Dropout is usually a good idea. I would just be careful about setting it at the output, as your logits will be zeroed out.
If you are using nn.CrossEntropyLoss, and are dealing with two classes, the output of your model should have the shape [batch_size, 2] and the targets should contain the class indices in the range [0, 1] with the shape [batch_size].

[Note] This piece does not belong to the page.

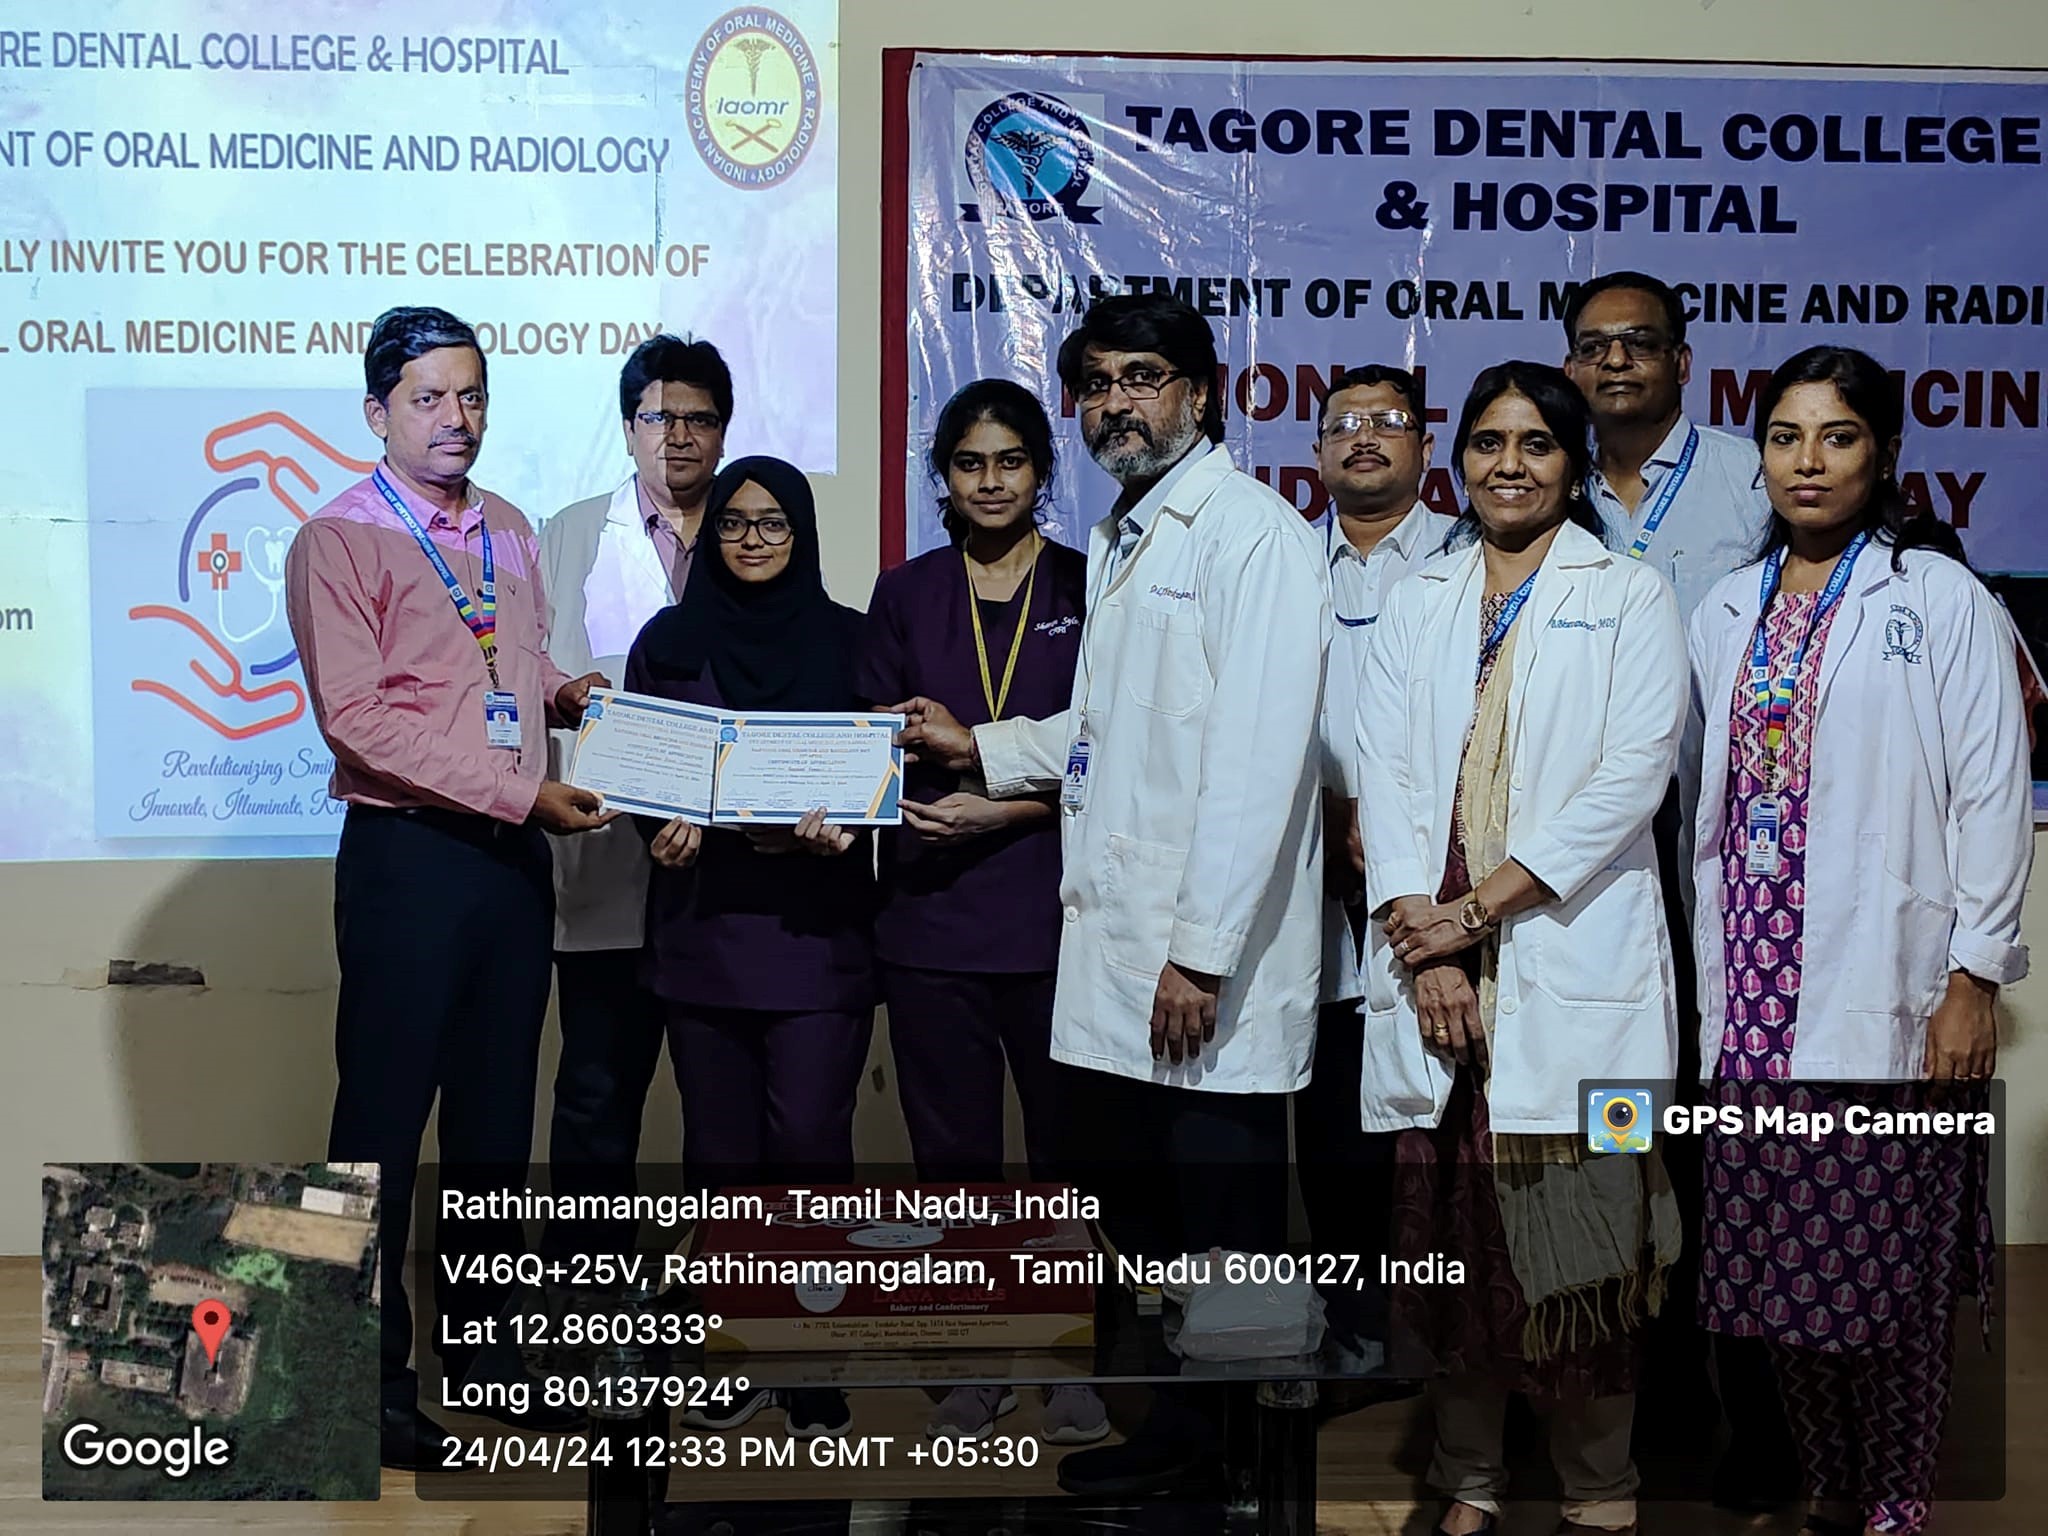 Tagore dental college

FFFlodo · September 23, 2019, 11:08am

The shape of the output of the network is [batch_size, 2] exactly. But the question is that the value of the output is not usually in the range [0, 1], which confused me a lot. For example, the output can get a strange value such as [9.6655, -8.4452]. Does it mean that my model architecture is wrong?
In addition, today I set the batch_size 2 and add a BN Layer behind the FC Layer. It makes the value of train loss does not keep 0 or 0.69 anymore. Instead, the absolute value of the output can be in the range [0, 1] with the existence of minus . What’s more, the train loss still has not a trend of decline.

ptrblck · September 23, 2019, 11:14am

The output values of your model are logits, so they do not have a bound on their values.
nn.CrossEntropyLoss will apply a F.log_softmax on the outputs, so that they will be normalized to log probabilities before feeding them to nn.NLLLoss.
Your example output value just indicates that class0 is more likely for the sample than class1.

If your training still doesn’t work, I would still suggest to try to overfit a small sample and check, if it’s working.

FFFlodo · September 23, 2019, 11:32am

Thank you very much for your explanation about the output value! It is very useful for me.
Talk about your suggestion about training, do you mean that I can try to cut the original images into patches to train and check?

ptrblck · September 23, 2019, 12:02pm

No, just use very few samples (e.g. select 10 samples from your dataset) and run the code.
If your model cannot overfit these 10 samples perfectly (loss converges towards zero, accuracy towards 100%), then there might be another bug in the code or e.g. the hyperparameters, model architecture, etc. might not be working in your use case. This would be a good base for debugging the issue and make sure your model can overfit a small data sample before digging further into the code.

FFFlodo · September 23, 2019, 3:34pm

Figure_1
Hello!
This is the train loss with few samples(72), and the epoch is 20. Does it mean my model has over-fitted the samples?
There is another question I am not sure that when we talk about the trend of loss, we use the train loss of every step or the average value of the train loss of every epoch?